At first glance, the ornament on the right side of Figure 1a appears to not be significant—it is an ordinary set of parallel lines. The next series of ornaments from Mezin is more advanced. The previously mentioned sets of parallel lines are arranged in friezes and meander patterns that can still be considered as sketches (Figure 1c,1d). However, among them appears the first known meander frieze in the history of mankind, well known under the name “Greek key”. Take a set of parallel lines, cut a square or rectangular piece with the set of diagonal parallel lines incident to the first ones, rotate it by $90^{\circ }$ , and if necessary translate it in order to fit with the initial set (Figure 2a). More aesthetically pleasing result will be obtained by using the initial set of black and white strips of an equal thickness (Figure 2b).

From meanders to labyrinths

The word “labyrinth” is derived from the Latin word labris, meaning a two-sided axe, the motif related to the Minos palace in Knossos. The walls of the palace were decorated by these ornaments while the interior of the palace featured actual bronze double axes. This is the origin of the name “labyrinth” and the famous legend about Theseus, Ariadne, and the Minotaur. The Cretan labyrinth is shown on the silver coin from Knossos (400 B.C.) (Figure 3a).

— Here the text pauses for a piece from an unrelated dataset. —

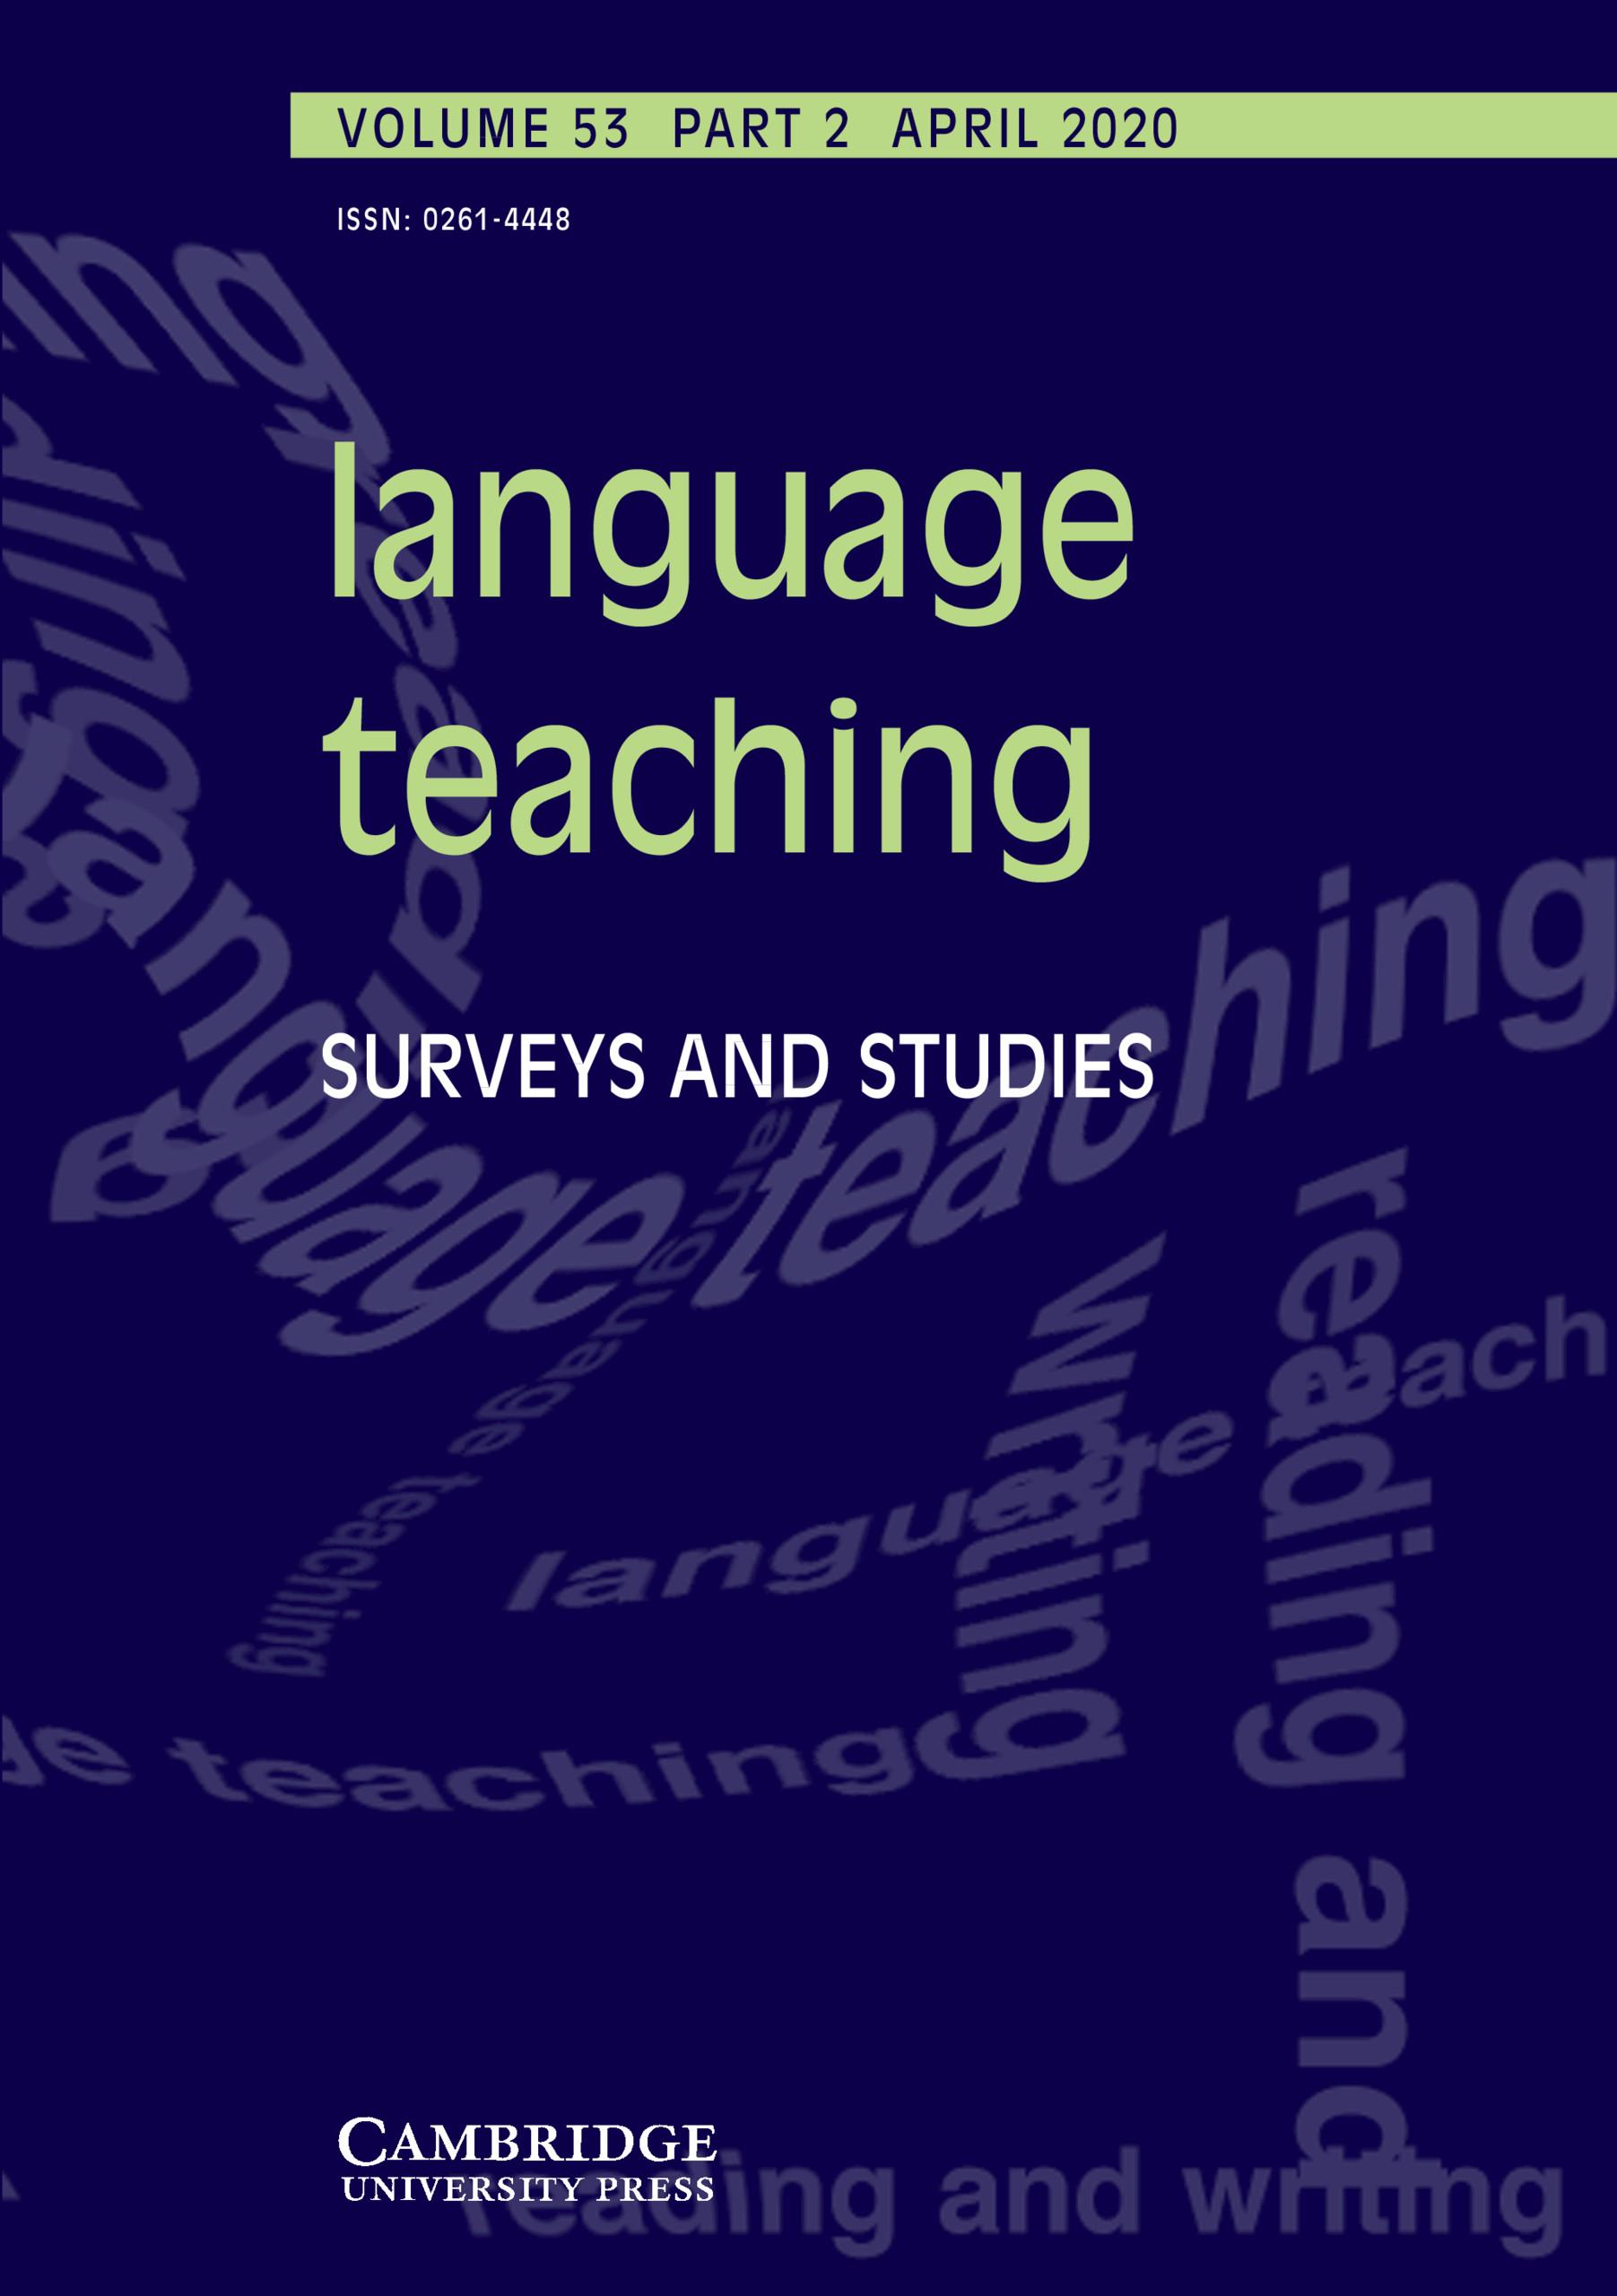 Language Teaching (SSCI)
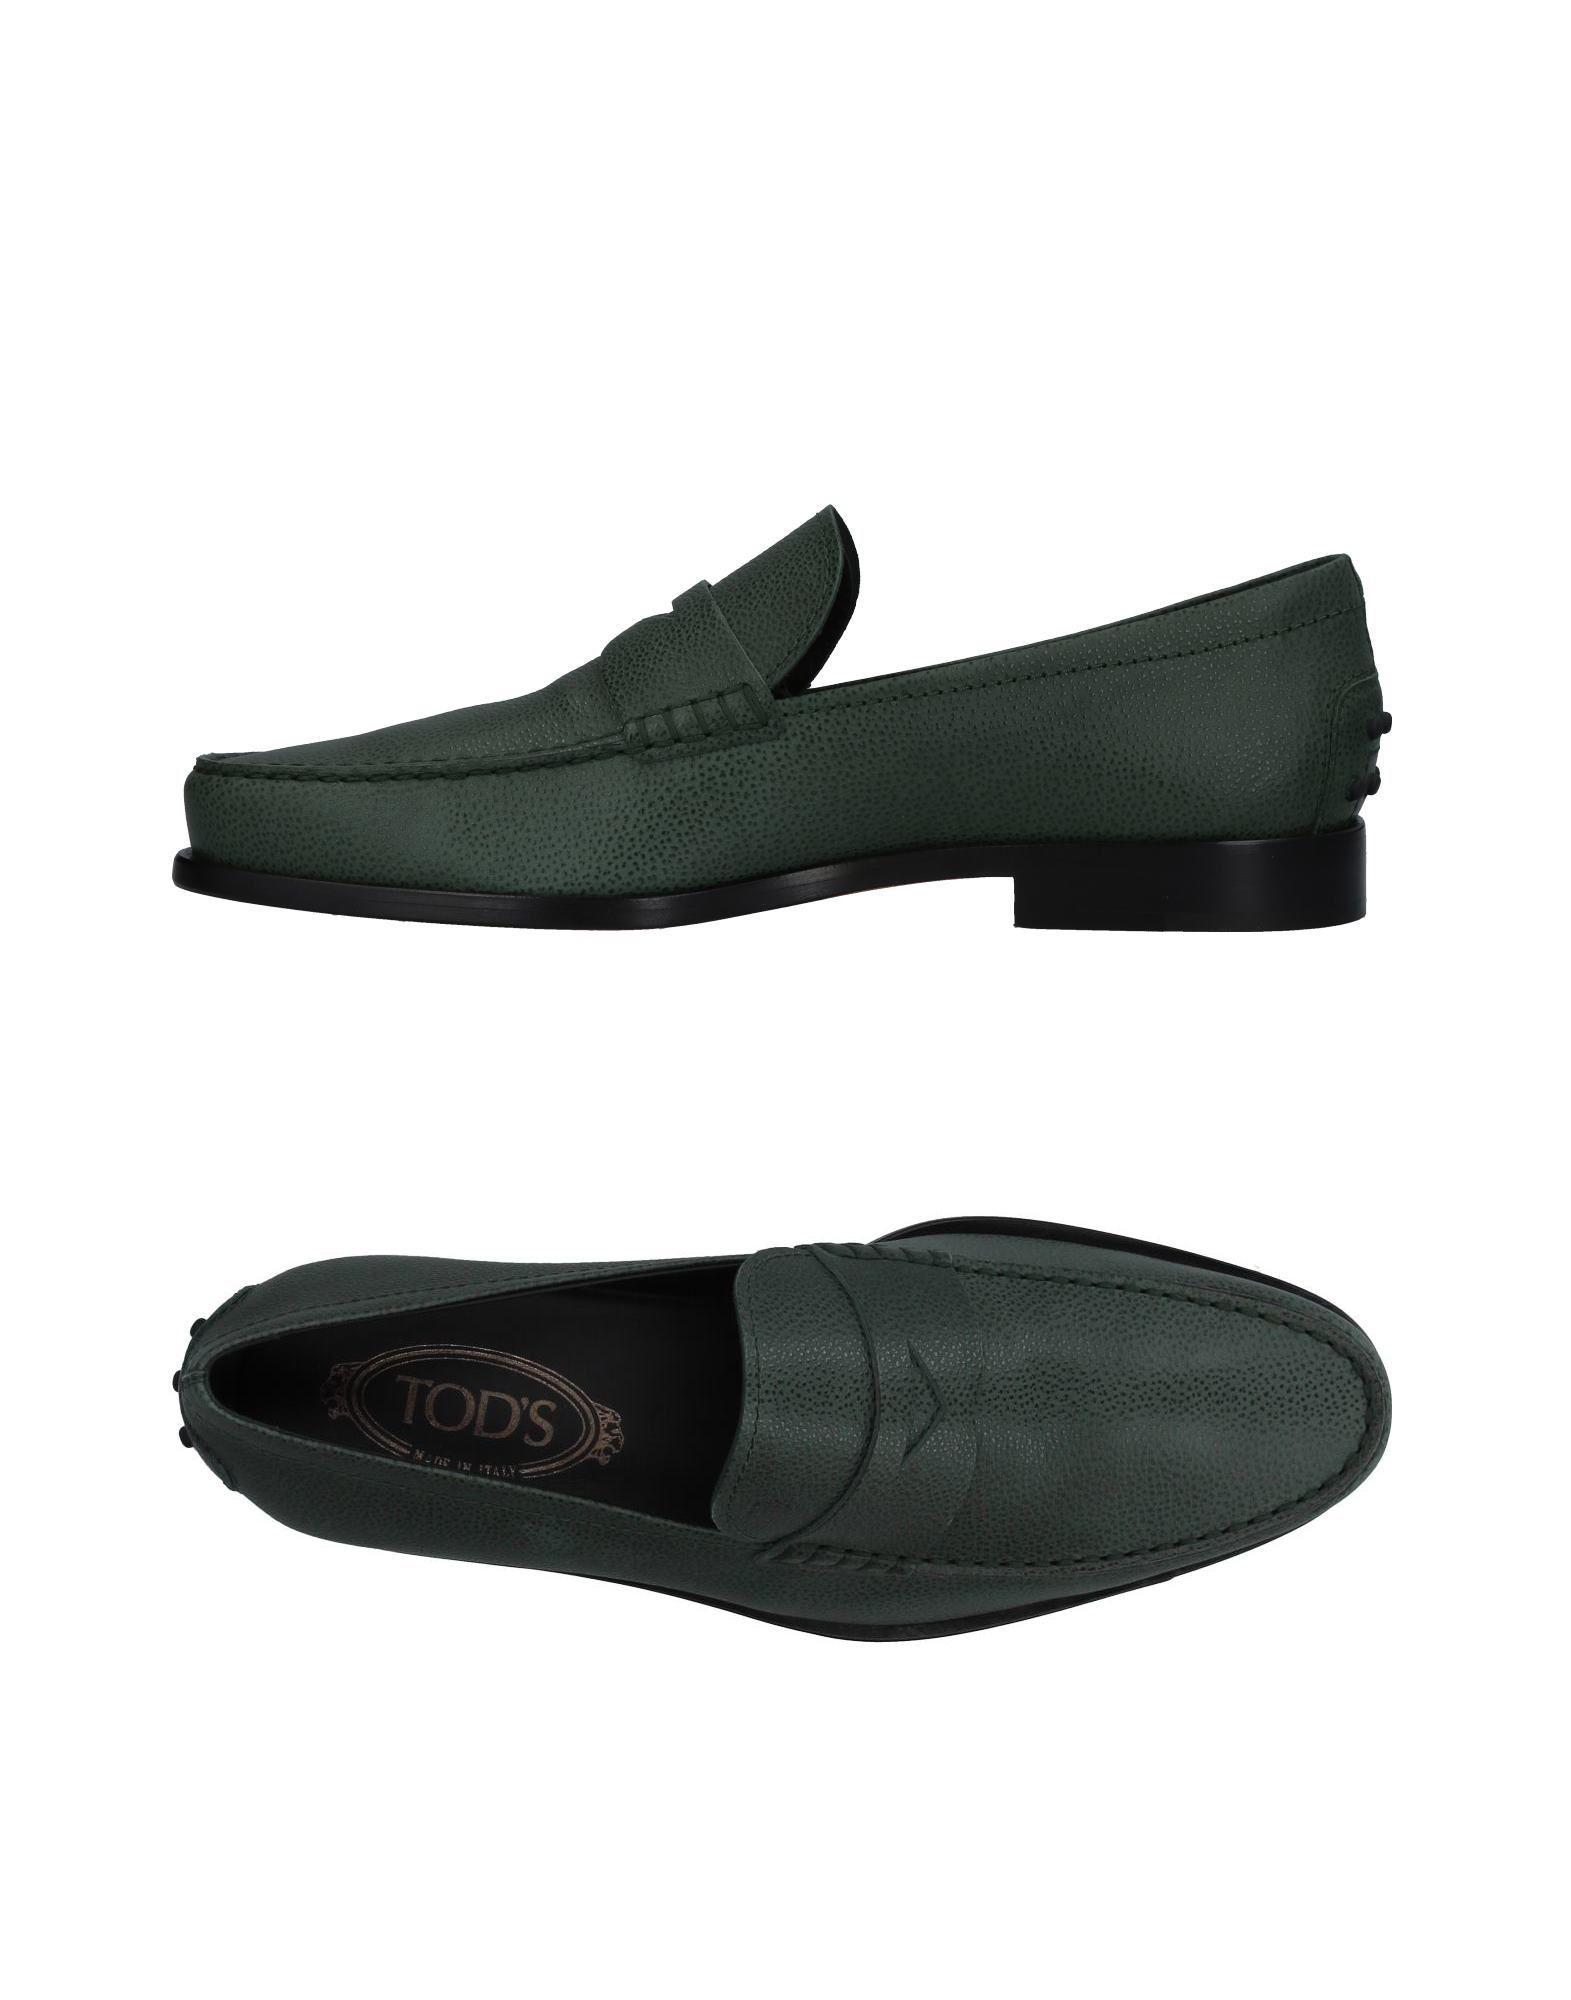 Tod's Mokassins Herren  11412986VG Gute Qualität beliebte Schuhe

The simplest natural maze or labyrinth is a spiral meander: a piecewise-linear equidistant spiral. It is defined by a simple algorithm: start from a central point and after every step turn by $90^{\circ }$ and continue with the next step, where the sequence of step distances is 1, 1, 2, 2, 3, 3, 4, 4… . Tracing this sequence, we have a maze path: a simple curve connecting the beginning point (the entrance) with the end point (Minotaur room).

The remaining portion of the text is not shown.